Tuesday, February 3, 2009

Thoughts on Replication from 2 Feb SFO MeetUp (slides too)

Last night I gave a presentation on Tungsten Replicator to the SFO MySQL MeetUp. It was really fun--lots of excellent questions and ideas from an audience that knows MySQL in and out. Here are slides from the talk from our trusty S3 document repository.

There were many things to think about on the BART ride home to Berkeley but here are a couple that really struck me, in part because I think we can do something about them.

First, database replication needs to expose as much monitoring data as possible. The kind of data you get or can infer from SHOW SLAVE STATUS is just the beginning. This came through really strongly from people like Erin who are using load-balancers and other automated techniques for distributing load to replicas using decision criteria like availability and latency of slaves. We have heard this from people like Peter Zaitsev as well--it's starting to sink in. :)

Second, it's critical to think through the database failover problem fully. There seem to be two axes to this problem. The first is what you might call call a vertical axis where you think about a single component in the system--here the database. You have to cover not just swapping replication flow but also enabling/disabling writes, triggers, and batch jobs, as well as application specific tasks. (Lots of good comments from the audience here as well.)

The other failover "axis" is horizontal where you think about the ensemble of databases, proxies, applications, and utilities that make up the cluster. The issues to cover here including sending commands in parallel, ensuring everyone receives them, and dealing with a wide range of possible failure conditions ranging from network partitions to failure of individual OS-level commands. We plan to unveil a solution shortly in the form of the Tungsten Manager, which uses group communications to attack this problem. I can't wait to get feedback on that.

p.s., Baron Schwartz yesterday posted a very interesting article on cache issues with failover on InnoDB. Just another example of how broad the failover problem really is.

Sunday, February 1, 2009

Simple HA with PostgreSQL Point-In-Time Recovery

Point-in-time recovery or PITR is one of my favorite PostgreSQL features. Most database servers have a transaction log for recovery. (MySQL is one of the few exceptions; more on that shortly.) However, PostgreSQL PITR allows and even encourages users to manipulate the logs to perform some very useful tasks:

* Creating a bit-for-bit backup of a server without halting
* Restoring a server to a specific point in time
* Creating a warm standby server

The third task is especially interesting because it's so common. One of the most pronounced trends in computing is the decreasing cost of computing power through Moore's law improvements and virtualization. Standby solutions nowadays look like a good investment compared to the cost having a server down or worse yet losing a lot of data.

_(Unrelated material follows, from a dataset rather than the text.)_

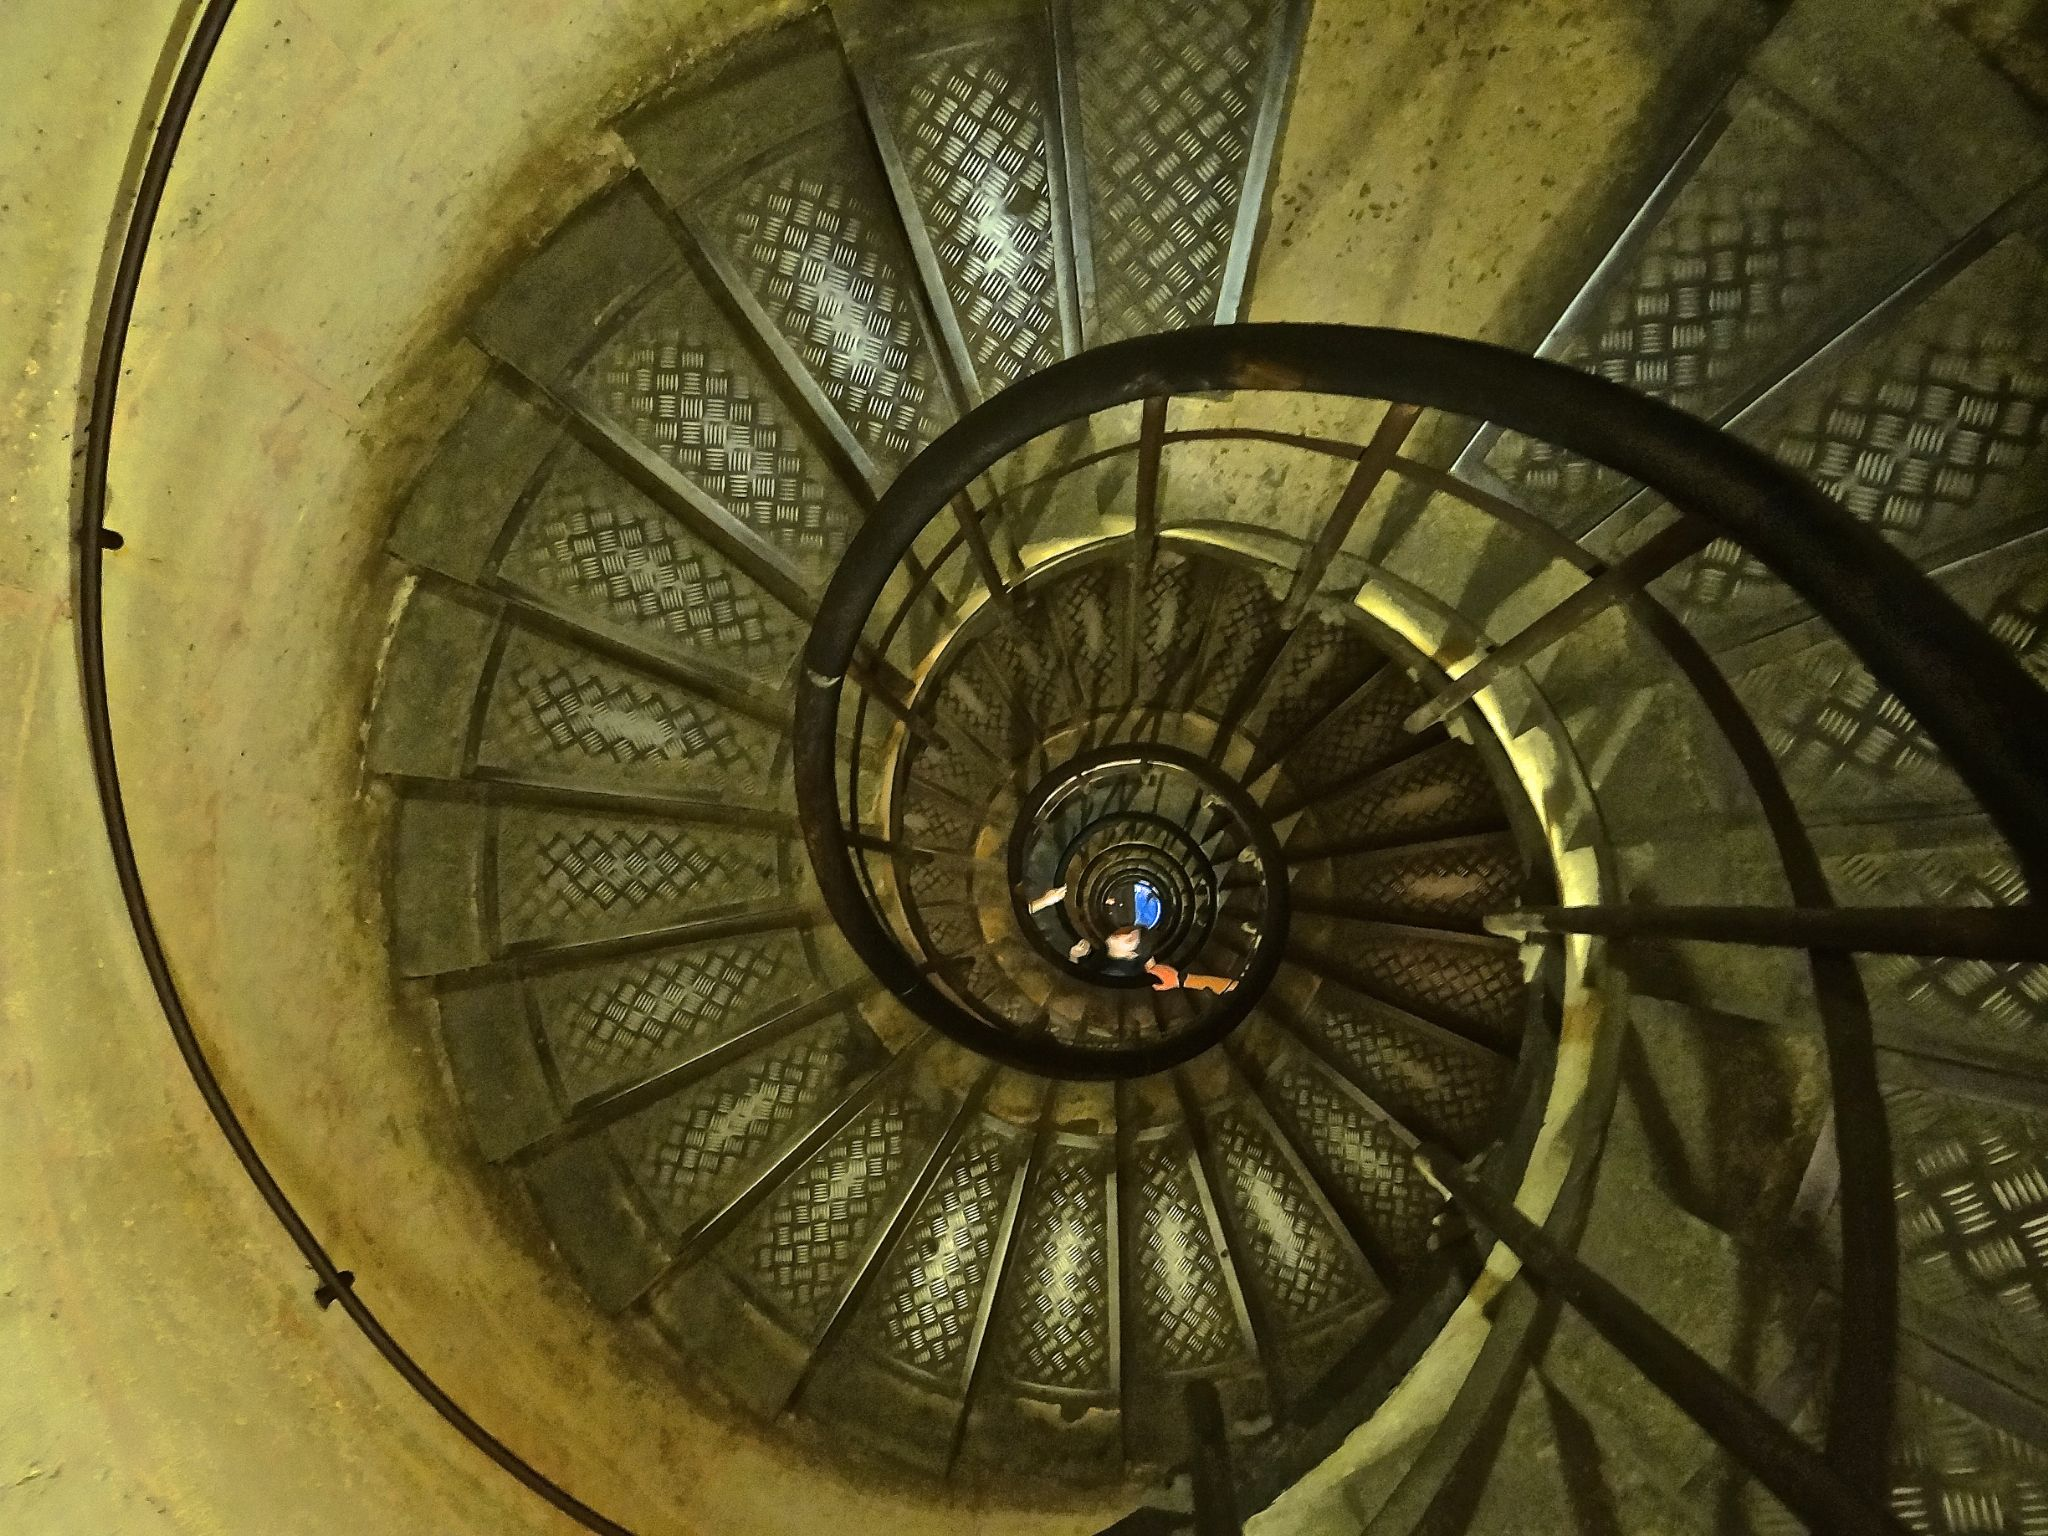 Spiraql Staircase - Arch De Triumph by Steve Aicinena

PostgreSQL PITR makes warm standby relatively easy to set up. You enable log archiving, which copies the completed WAL files to an archive directory, then transfer those files to a host where another PostgreSQL server is in continuous recovery mode. This is easier to understand with a picture, so here it is.

Two key points: first, warm standby is based on log files, so as long as you do not mess up the setup, your recovered data will always be consistent. Second, failover is really fast, because your standby server is in continuous recovery mode and generally will be on the last file or two, hence almost ready to go at all times.

There are some details but they are not very hard. The first step is to enable archiving. This copies log buffers into an archive directory from the standard pg_xlogs directory. Archiving is easy to enable in postgresql.conf, as shown by the following example:
archive_mode = on               # enable archiving
archive_command = 'cp -v %p /data/pgsql/archives/%f'
archive_timeout = 300 # timeout to close buffers
Next you need to transfer the files as they appear in the archive directory. For that you can use rsync, as shown below. Put it in a cron job on the standby so that files transfer automatically between hosts every few minutes.
rsync -avz --remove-sent-files prod1:/data/pgsql/archives/ \
/data/pgsql/archives/ > /dev/null
Finally, you copy the files into the pg_xlogs directory of a PostgreSQL server that is running recovery. This is the most complicated part. To make a long story short, you set up a carbon copy of server data on the standby and then create a file called recovery.conf with a command to copy the files from the archive directory to pg_xlogs. That command is usually pg_standby, a handy little program written by Simon Riggs of 2nd Quadrant. Here's a recovery.conf file with typical pg_standby configuration.
restore_command = '/usr/local/pgsql/bin/pg_standby
-l -d -s 2 -t /tmp/pgsql.trigger /data/pgsql/archives
%f %p %r 2>>standby.log'
Basically pg_standby blocks until it either finds the next log file requested by the server or sees a file named /tmp/pgsql.trigger. Then recovery is done and your standby server pops up and is open for business.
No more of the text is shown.